Perturbation theory

September 2017 saw the 150th anniversary of Alexander Melville Bell’s vowel model. However innovative it may have seemed, his notion of continuous backness and the class of central vowels were purely hypothetical since there was no objective method for determining tongue positions. He accepted the single-resonance theory, that offered an explanation for what we know now as F2.  Once two formants had been discovered, the double-resonance theory provided an extended explanation. Both theories assumed a unique cavity for each formant. However, it was soon clear there were numerous formants but no more unique cavities, a crisis that was solved by perturbation theory, that locates each formant to the entire vocal tract with frequencies depending on local shape modifications.

Perturbation theory describes how these local shape modifications tune resonance frequencies, applied to speech by Chiba & Kajiyama (1941) and Fant (1960). For each resonance there is a standing wave between the glottis and the lips, illustrated in the figure below for the first four vowel formants. Each standing wave is characterized by nodes N (where the amplitude of the vibration is zero) and antinodes A (where the vibration amplitude is maximum). Standing waves can be presented for various properties of the vibration, volume velocity (a measure of the locally vibrating body of air) or sound pressure are most usual. This figure happens to show volume velocity (for sound pressure, everything is inverted and nodes and antinodes change places, so stick with volume velocity for now).

– Chiba & Kajiyama. 1941. The Vowel, its Nature and Structure. Tokyo. Reprinted in 1958 by the Phonetic Society of Japan.
– Fant, C. G. M. (1960). The Acoustic Theory of Speech Production. the Hague, Mouton.

Standing waves

The nodes and antinodes of the standing waves (volume velocity) for each of the first four formants (adapted from Chiba & Kajiyama 1941)

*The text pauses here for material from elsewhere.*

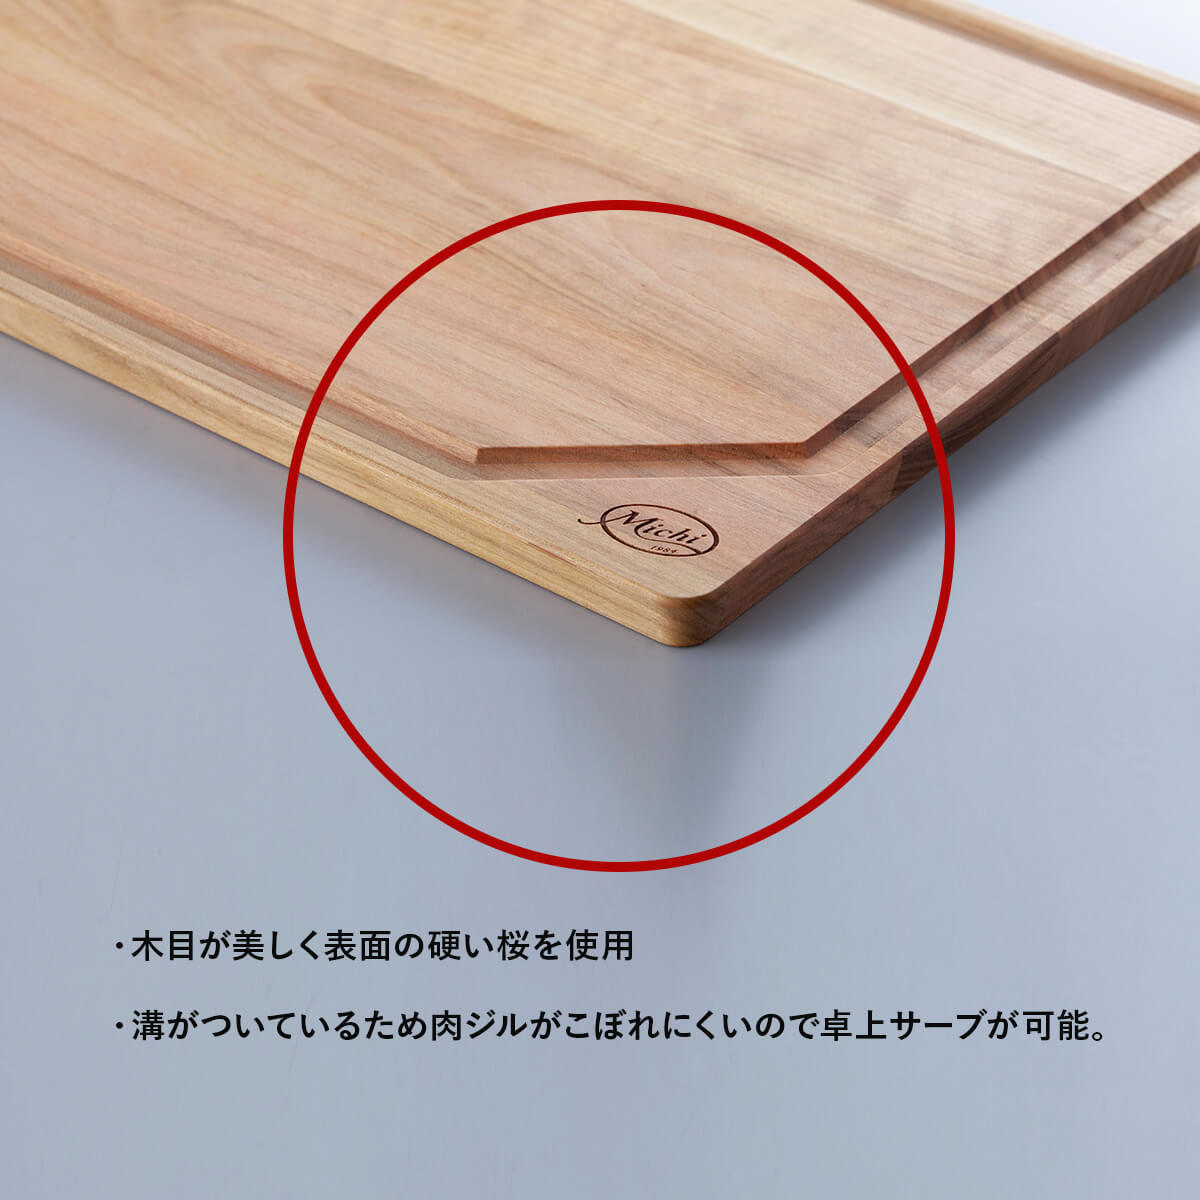 Michi カッティングボード for Meat M | Michi

The figure was drawn for the special case of the uniform tube, a configuration that never really occurs in natural speech (the lips, teeth, tongue tip, uvula, epiglottis and larynx mean there are too many permanent intrusions). Fortunately, the nodes and antinodes remain in roughly the same locations from vowel to vowel. The first formant has a volume velocity antinode at the lips and a node at the glottis. Then each higher formant has an extra pair, so that F1 has one of each, F2 has two of each and so on. They alternate, and are spaced more or less evenly along the vocal tract for each formant. The nodes and antinodes are closer and closer together at ever higher formants, and become increasingly difficult to aim at selectively. For F3, for example, the lips and tongue tip are still precise enough to have a selective effect anteriorly. But the tongue body is too blunt to select the nodes and antinodes of the higher formants, and is most effective for F1 and F2.

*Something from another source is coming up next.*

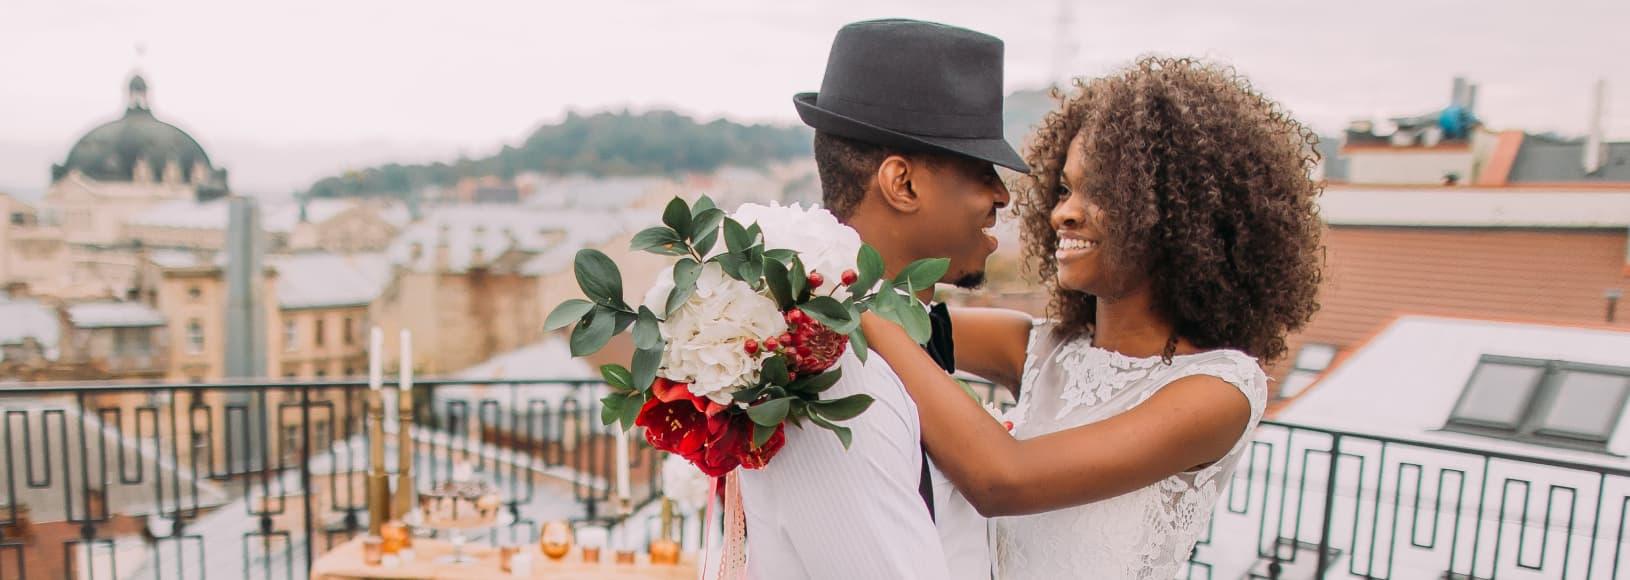 Fotógrafos para el matrimonio

The articulators can modify a formant frequency by narrowing or widening the vocal tract at or close to the nodes or antinodes, but not in between. Narrowing the vocal tract at a volume velocity antinode lowers that formant frequency. Narrowing at a volume velocity node raises that formant frequency. Vice-versa for widening. The lips and mandible adjust the mouth opening, the tongue blade anteriorly from the teeth to the hard palate, the tongue body from the hard palate to the lower pharynx, and the tongue root and epiglottis the lower pharynx. In addition, sphincter muscles at the velum and in the upper and lower pharynx can narrow the vocal tract by squeezing it. The mandible is also involved in speaking style, more open for clearer speech and less for reduced speech. Finally, larynx depression lengthens the vocal tract posteriorly, balancing anterior lengthening from lip rounding. All these manoeuvres are active in actual speech and each may affect several formants, while a given formant may be affected by several articulator movements. It is necessary to look at what is happening everywhere in the vocal tract, not just in the mouth cavity.

There is a persistent tradition, originating from the single-resonance and double-resonance theories, that countless compensatory movements would make articulation unpredictable. For example, Léonce Roudet (1911) suggested that tongue retraction would compensate for faulty lip rounding, believing that both activities would lengthen the anterior cavity and lower its resonance frequency. Wood (1986) demonstrated that this proposal does not work. However, other compensatory behaviour has been reported and verified such as correcting ongoing labial or lingual activity for mandibular variation, for example the degree of palatal constriction for front vowels (Lindblom, Lubker & Gay; 1979) and the degree of rounding for rounded vowels. A sceptical attitude should be maintained towards proposed compensations that are not supported by evidence, especially proposals that fail to satisfy the constraints of perturbation theory.

– Lindblom, B., J. Lubker & T. Gay. 1979. Formant frequencies of some fixed-mandible vowels and a model of of speech motor programming by predictive simulation. Journal of Phonetics 7:147-161.
– Roudet, L. 1911. La classification des voyelles de M. Sweet. Revue de Phonétique 1:347-356.
– Wood, S. A. J. 1986. The acoustical significance of tongue, lip and larynx movements in rounded palatal vowels. Journal of the Acoustical Society of America 80:391-401.